Latino Achievers brings professional Latinos or those with connections to the Latino community to the school to share information about their careers, as well as other resources that will help the students graduate from high school and continue to college.

"They explain to us how they got into the career, how they can help us get into a career," Moran said. "It motivates you."

This is the fourth year that Mount Tabor has invited professionals to speak to Latino students. The effort began because a school guidance counselor and social worker were concerned.

"They didn't know what was next for them," said Corey Daniel, a school counselor at Mount Tabor.

Daniel realized that Latino students did not know about the opportunities available to them after high school, so she contacted the Newcomer Center for speaker suggestions.

She invited Nury Anton, who is from Venezuela, and remembers Anton telling the students that with their two languages, "You have gold in your hands."

For two years, school counselors coordinated speakers.

Two summers ago, Daniel contacted the Winston Lake YMCA, which already had a Black Achievers program. The YMCA offered to operate the Latino Achievers program, which is funded by the United Way. Students also get a membership to the Y.

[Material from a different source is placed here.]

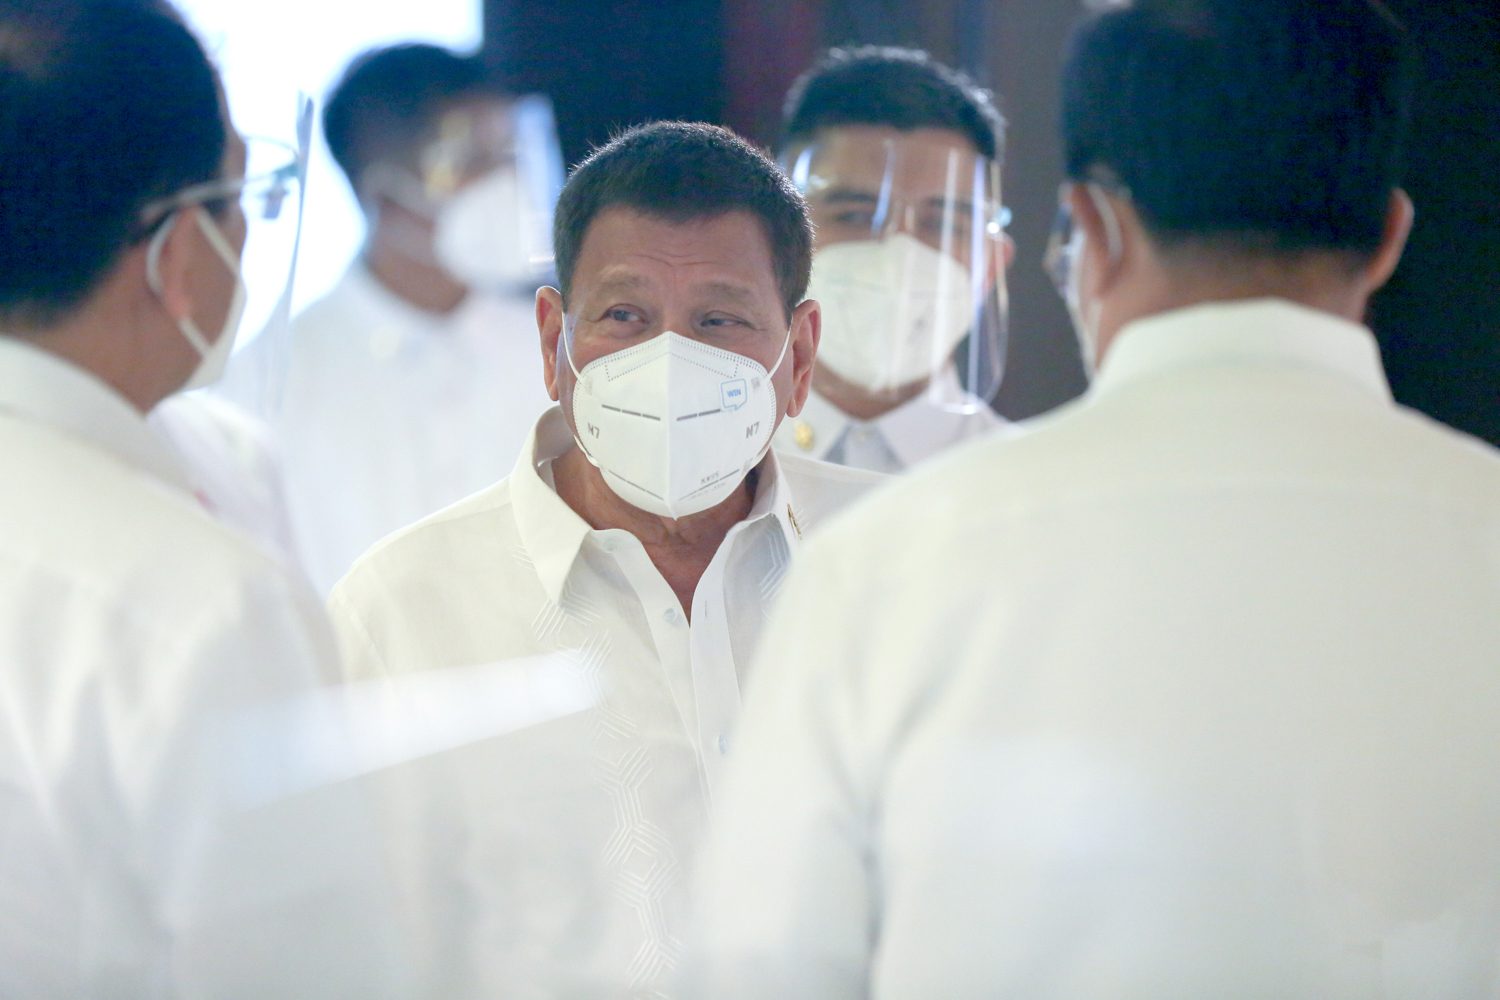 Change of mind: Duterte now willing to get COVID-19 vaccine in public

"The kids love it," Daniel said. They feel that "someone cares about them and wants to invest in their future. We need them to care about their community, and we need their community to care about them."

The program has three primary roles, said Anton, who was hired by the YMCA as the director of Latino Achievers: "It teaches them the importance of school; it teaches them to be proud of their heritage and language; it teaches them the different opportunities they can have.

"I was taking ESL (English as a second language) when I was 15 in Florida. I was where they are. When I was in ESL, I did not want to be different. I think there's a huge need to help the Latino students. The need is there because the kids are dropping out."

In 2011-12, 800 Latino high school students participated in the program. This year, the program will be in six high schools: West Forsyth, East Forsyth, North Forsyth, Mount Tabor, Reynolds and Parkland.

Anton is also expanding the program into two middle schools, East Middle and Wiley. She coordinates field trips as well as speakers.

Guest speaker Selma Ahnert told the students that when she arrived in the U.S. from Mexico eight years ago, she knew she wanted to be a court interpreter, so she started sitting in court to learn the terminology.

"I love my job; that's most important," said Ahnert, who is a staff court interpreter for Forsyth County.

Although Stephen Whittington, director of the Museum of Anthropology at Wake Forest University, is not Latino, Anton invited him to explain his archaeological work in Latin American countries.

"Since I've been here in Winston-Salem, I've done what I can to work with the Hispanic community," Whittington said. "If I can help high school students who might consider the museum profession or anthropology or archaeology, that's a good way to spend my time."